李浩傑突然明白了,段若箐在它還沒跳起時就發現了它,而他卻沒有正確理解她的預警。
是他的錯。
但好在他還有他的隊友,這並不是不能挽救的錯誤。
時雪墨瞄準在空中的角鹿,釋放了一枚冰箭,對段若箐說,「下次說的時候清楚一下,誰聽得懂?」
「你聽不懂嗎?」段若箐反問,她不覺得時雪墨聽不懂,她們那麼有默契!
時雪墨冷漠的回答,「聽不懂。」
段若箐:「……」
時雪墨:yes!爽呆!
角鹿被時雪墨的冰箭打中,但它皮糙肉厚,再加上冰系的凍僵特效,它的身上並沒有出血,而是青紫了一塊,受冰箭的慣性影響,它的身體向一邊歪去,摔在地上,但冰箭的傷害並不能讓它倒下,它很快重新站起,抖抖身體。
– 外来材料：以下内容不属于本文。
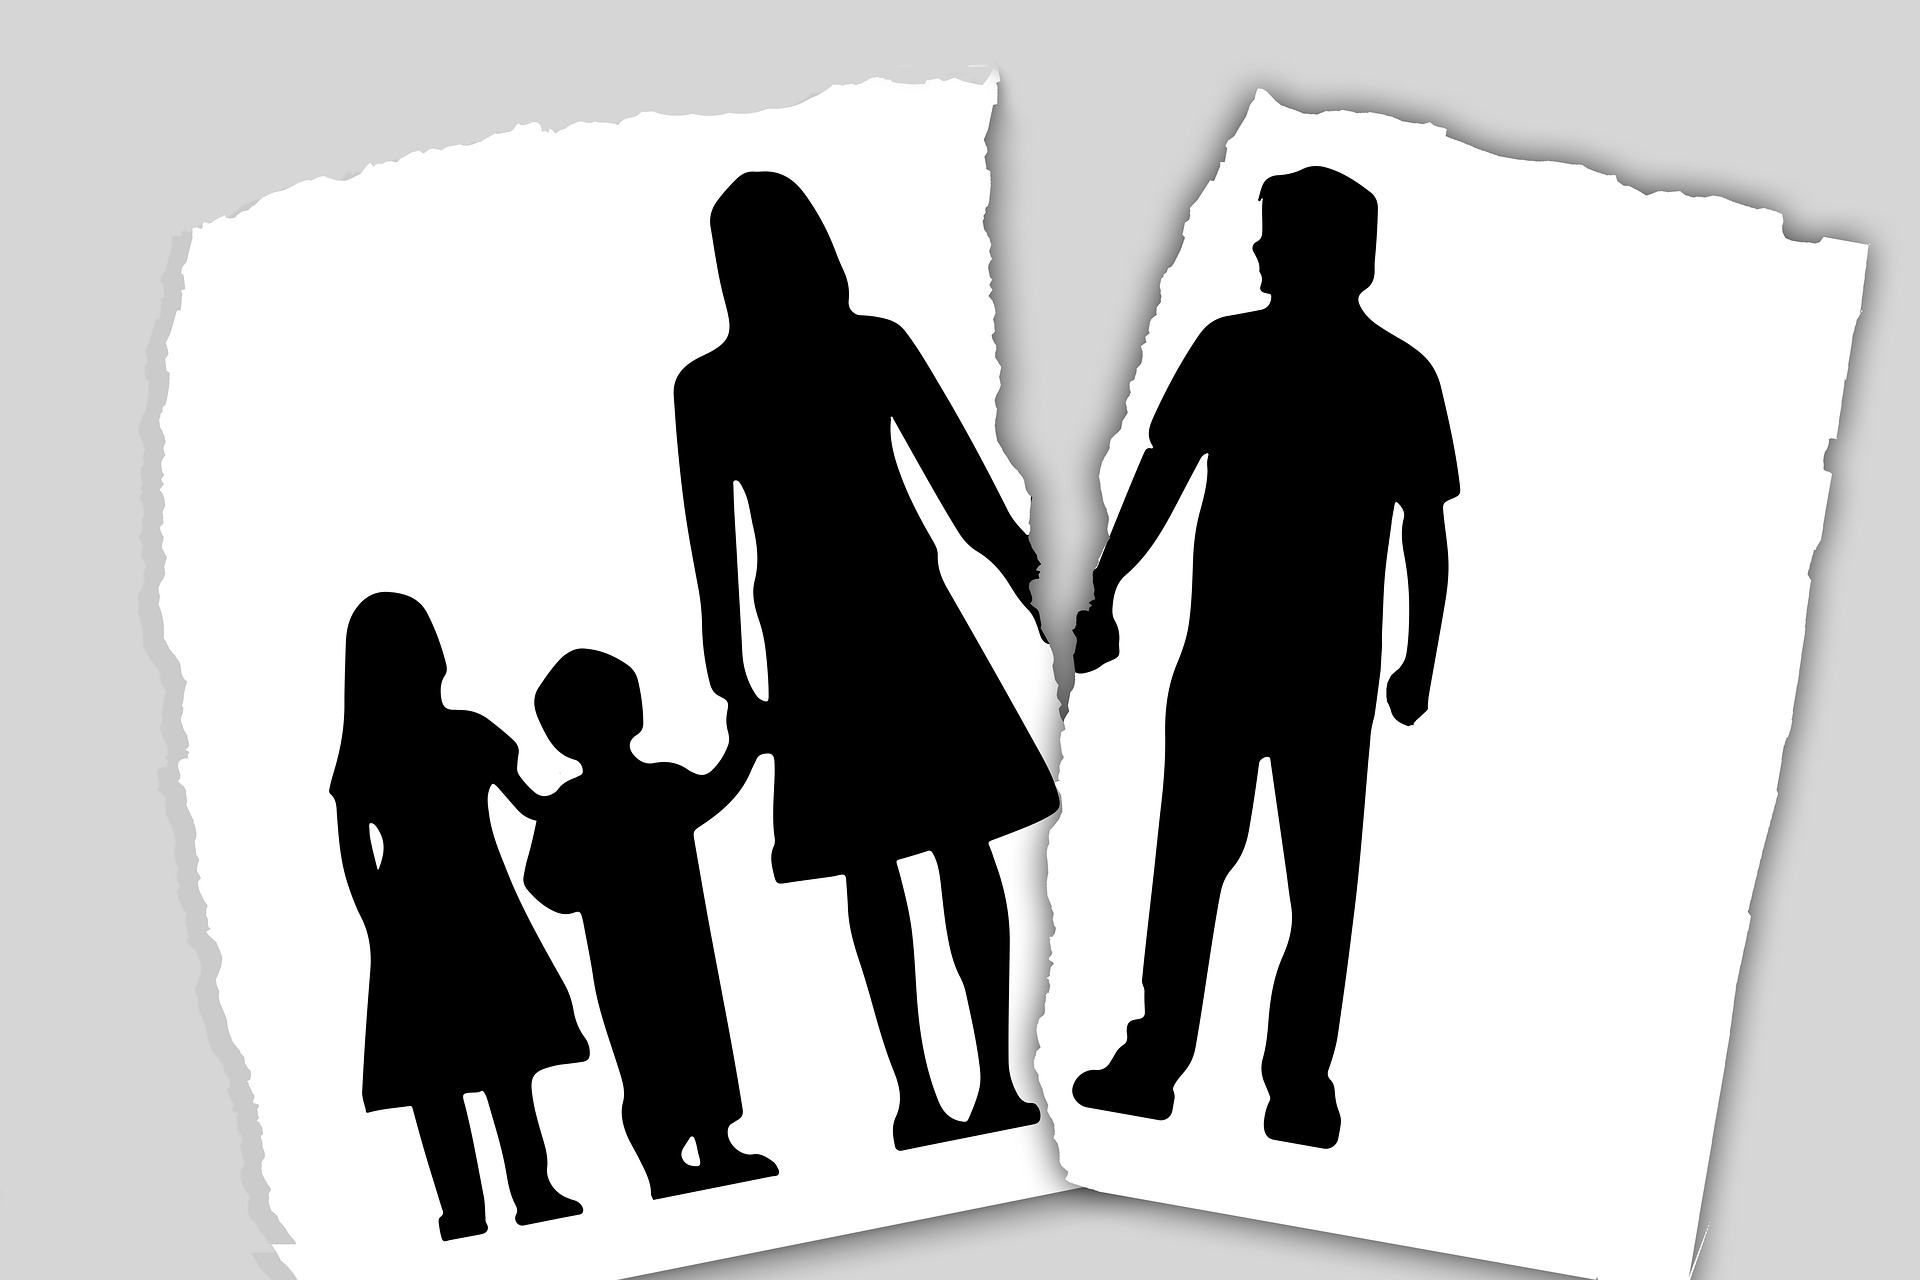 A broken family transition through divorce

它頭上的角又大又黑,頂端很尖,看著讓人害怕,段若箐毫不懷疑那個角戳在人身上或是鐵皮上能夠輕易的捅出個大洞。
李浩傑放在方向盤上的手驀然攥緊,異能發動,幾根藤蔓從地里鑽出,泥土被拱到一邊。角鹿靈巧的往旁邊一躲,就要躲過攻擊。一直不怎麼說話的姚秋陽趁機放出一記地震術,地面的震動使得角鹿重心不穩,它閃避的動作出現了偏差,最後沒能躲過去,被藤蔓纏住了。
藤蔓上有野蠻生長的倒刺,上面閃爍著毒液的光澤,它纏繞在角鹿身上,扎入角鹿身體更深處,將毒液注射進它的心臟,經由血液循環流經全身各處。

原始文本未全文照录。